Appointed Master of Fire Engines at the age of 24, two months prior to the Great Fire of Edinburgh, Braidwood established principles of fire-fighting that are still applied today. His training as a surveyor gave him exceptional knowledge of the behaviour of building materials and housing conditions in the Old Town of Edinburgh. He recruited to the service expert tradesmen – slaters, carpenters, masons and plumbers – who could apply their various fields of expertise to fire fighting.
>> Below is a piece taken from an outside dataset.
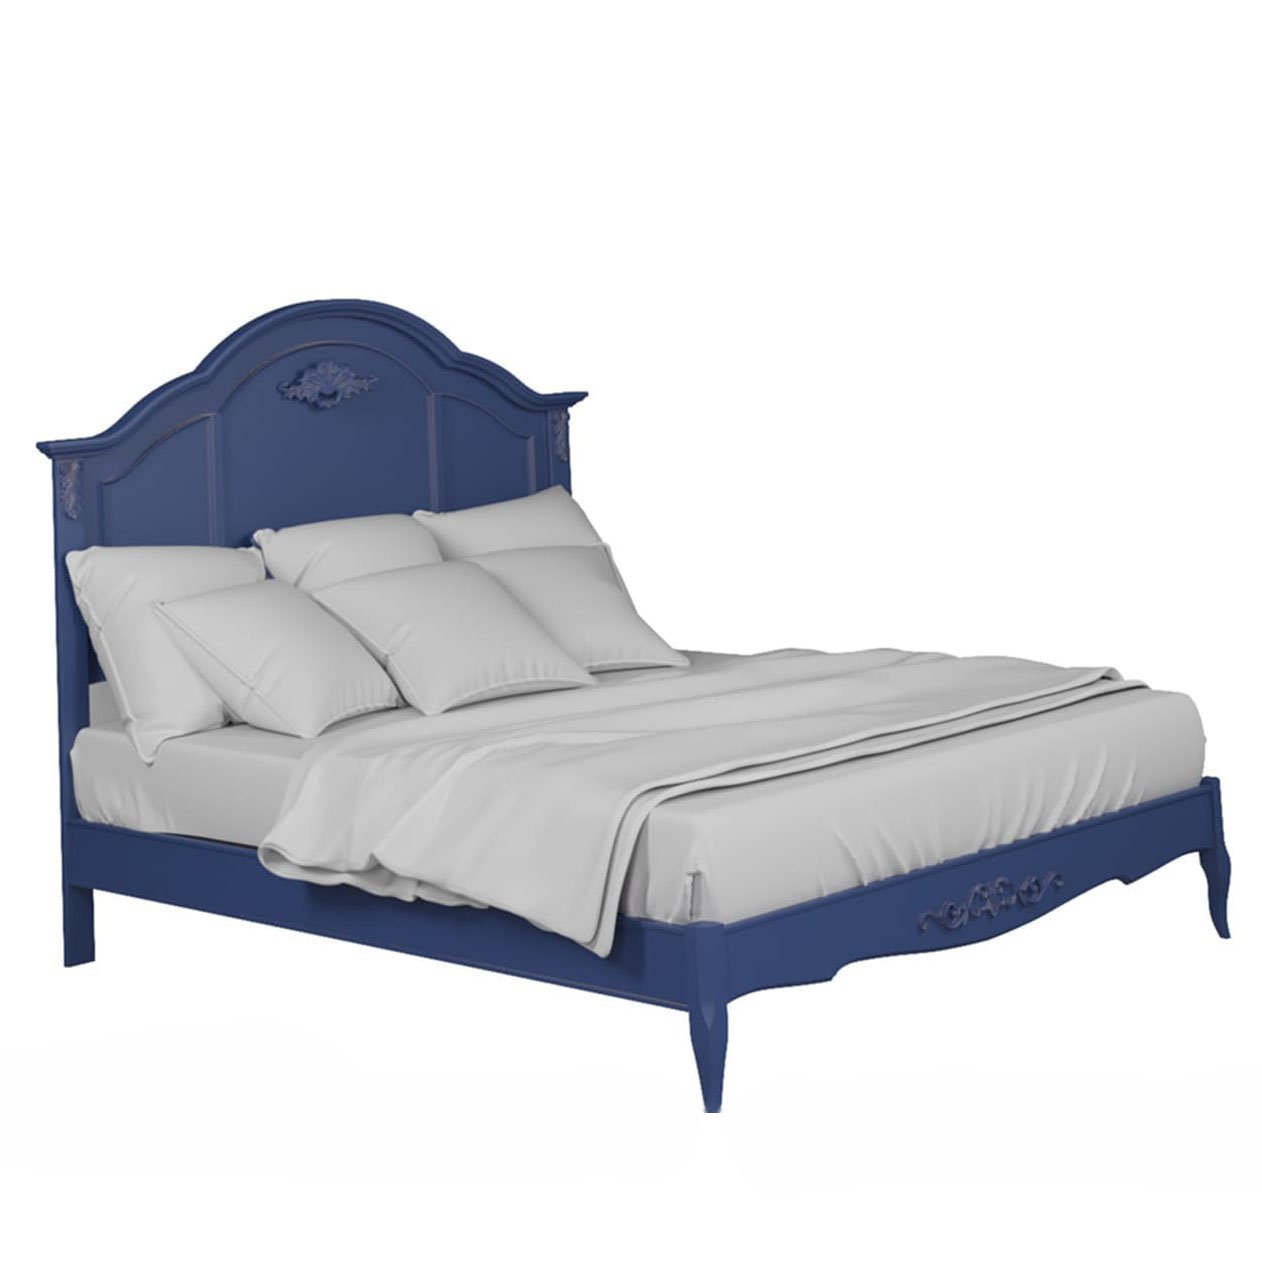 Кровать Aletan Provence, двуспальная, 180x200 см, цвет: синий (B208IN)B208IN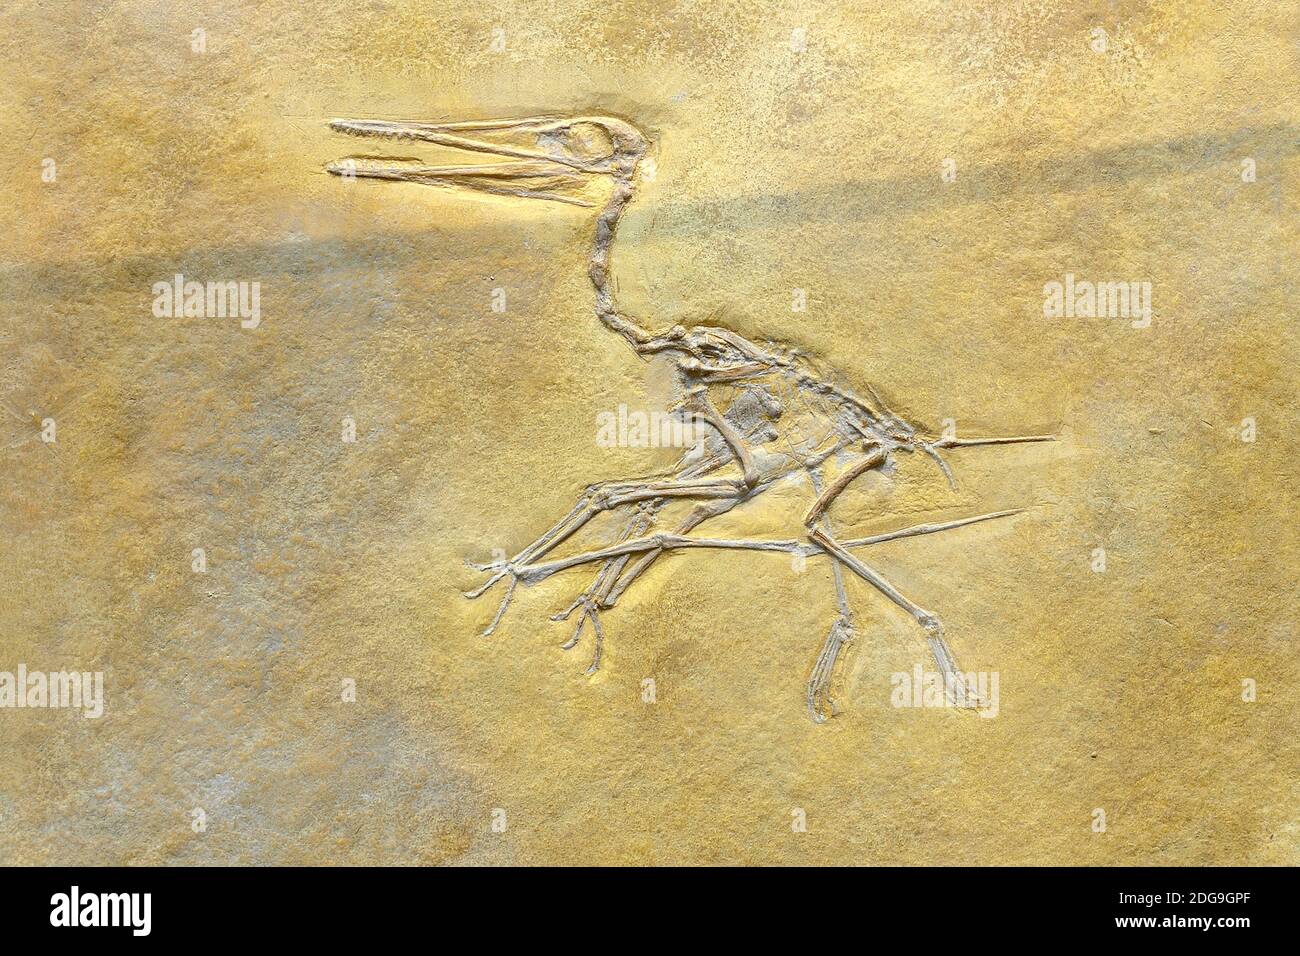 Versteinerung eines kurzschwänziger Flugsaurier (Pterodactylus kochi), Museum für Naturkunde, Naturkundemuseum Berlin Stock Photo

He also recruited experienced mariners for an occupation that required heavy manual work in hauling engines and trundling wheeled escape ladders up and down Edinburgh's steep streets, as well as nimble footwork when negotiating rooftops and moving through partially destroyed buildings. His many original ideas of practical organisation and methodology, published in 1830, were adopted throughout Britain. He was, however, resistant to the introduction of steam-driven engines. In 1833 he left Edinburgh to lead the London Fire Engine Establishment. The London Fire Engine Establishment had to fight a blaze at the Palace of Westminster, on 16 October 1834, that destroyed almost all of the Palace.

Braidwood was distinguished for his heroism on the occasion of great fires in Edinburgh (1824) and London (1830). He also undertook a pastoral role, introducing visits to firemen and their families by the London City Mission.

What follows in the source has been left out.